The publicity attracted new people towards the A:.A:., included in this James Bayley, Frank Bennett, James Windram, and Herbert Close. The Australian violinist Leila Waddell soon grew to become Crowley’s lover. Determining to share his teachings to a wider audience, Crowley created the Rites of Artemis, an open performance of magic having A:.A:. followers personifying various deities. It was initially carried out in the A:.A:. headquarters, with attendees given a fruit punch that contained peyote to boost their experience. Various people from the press attended, and reported largely positively concerning it. In October and November 1910, Crowley made the decision to stage the Rituals of Eleusis, at Caxton Hall, Westminster this time around, press reviews were mixed. Crowley received particular critique from West de Wend Fenton, editor from the Searching Glass newspaper, who known as him “probably the most blasphemous and cold-blooded villains of contemporary occasions”. Fenton’s articles recommended that Crowley and Jones were involved with homosexual activity. Crowley didn’t mind this, but Jones unsuccessfully accused of libel. Fuller ended his friendship and participation with Crowley because of the scandal, and Crowley and Neuburg went back to Algeria to explore more magical rituals.

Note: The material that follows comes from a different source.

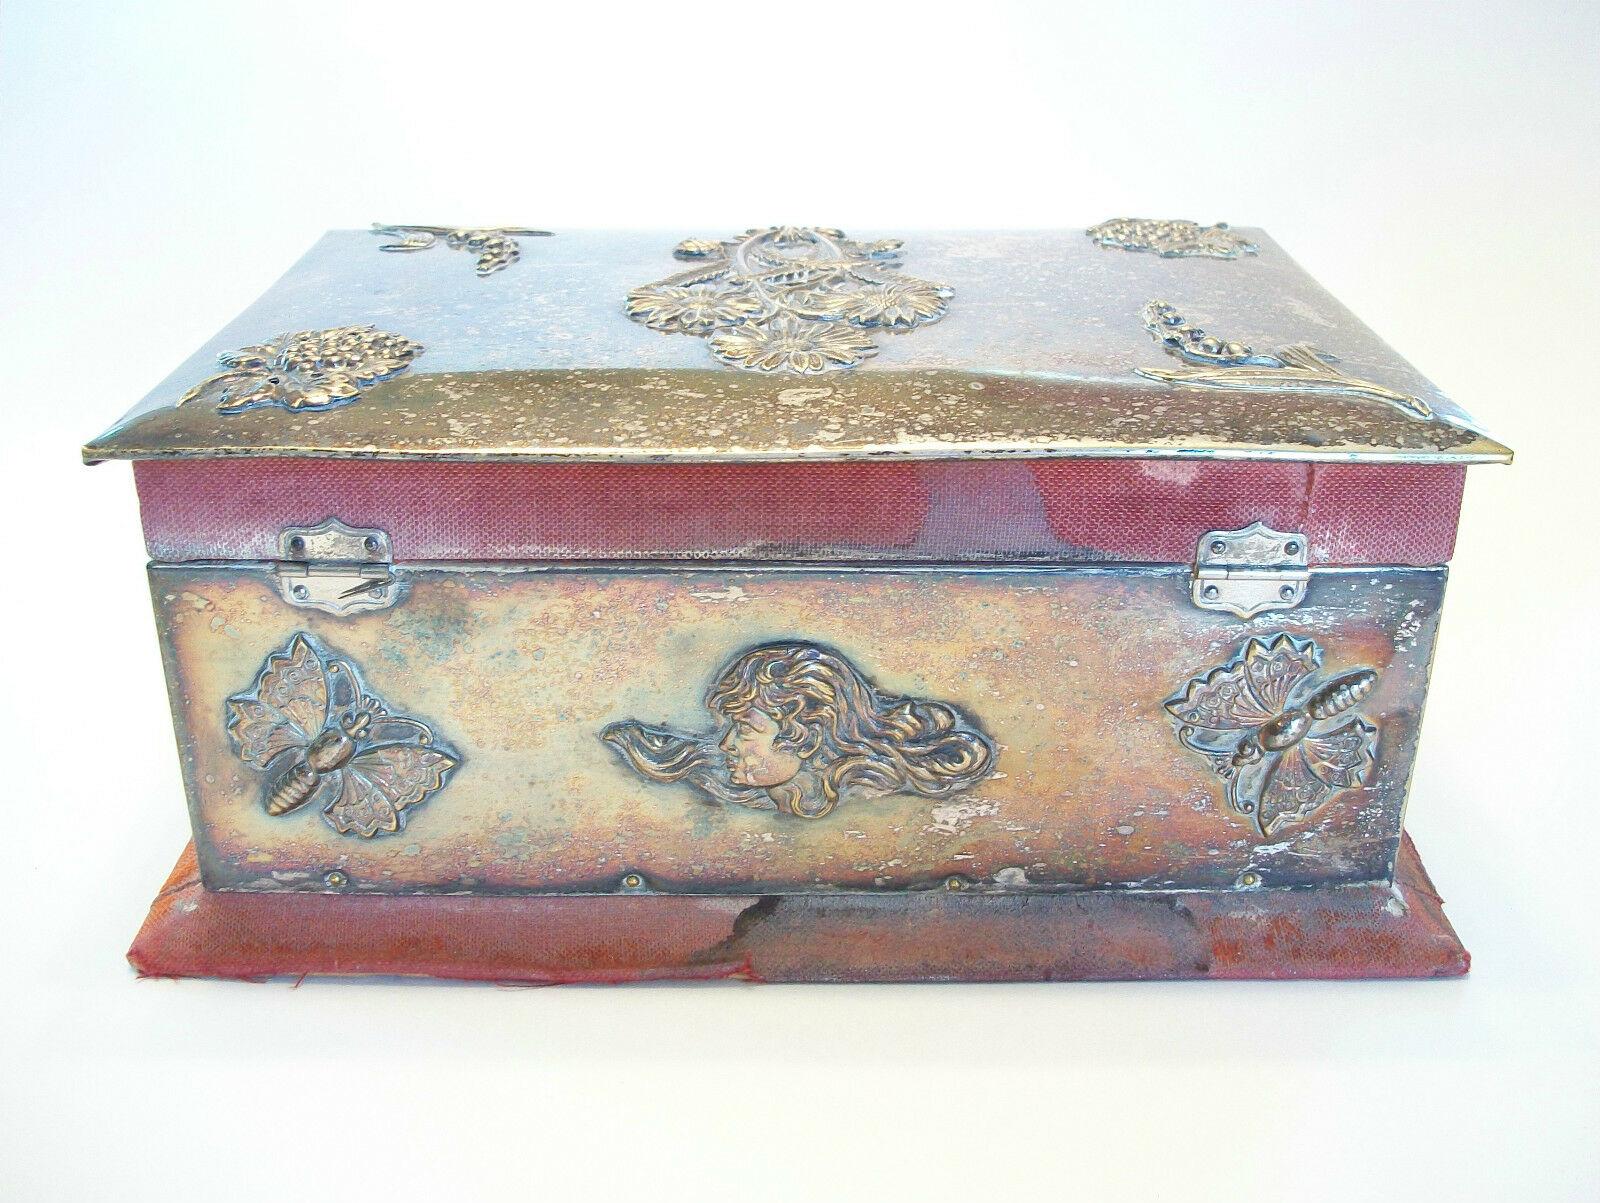 19th Century Arts & Crafts Jewelry Box with Applied Decoration - Unsigned - U K - Circa 1880 For Sale

The Equinox ongoing posting, as well as other books of literature and poetry were also printed under its imprint, like Crowley’s Ambergris, The Winged Beetle, and also the Scented Garden, in addition to Neuburg’s The Triumph of Pan and Ethel Archer’s The Whirlpool. In 1911, Crowley authored the 2-volume Book 4 (1912-13) and at that time developed the spelling “magick” in mention of paranormal phenomenon as a way of distinguishing it in the stage magic of illusionists.
His Death in 1947
Aleister Crowley died of chronic bronchitis aggravated by pleurisy and myocardial degeneration, at age 72, on December 1st, 1947. The funeral was held at Brighton crematorium on the 5th. There were only about a dozen people in attendance, where excerpts from The Book of the Law, the Gnostic Mass, and “Hymm to Pan” were read. As usual, the funeral created much controversy and papers called it a “Black Mass”. His ashes were sent to Grady McMurty, Crowley’s successor in the O.T.O., who buried them in his Garden in New Jersey.
This is by no means a full biography of this incredible man. Everyone’s opinion of him was different. If you have further interest in “the wickedest man alive”, there are many fascinating books about him, but without a doubt, the most interesting books are the ones by him.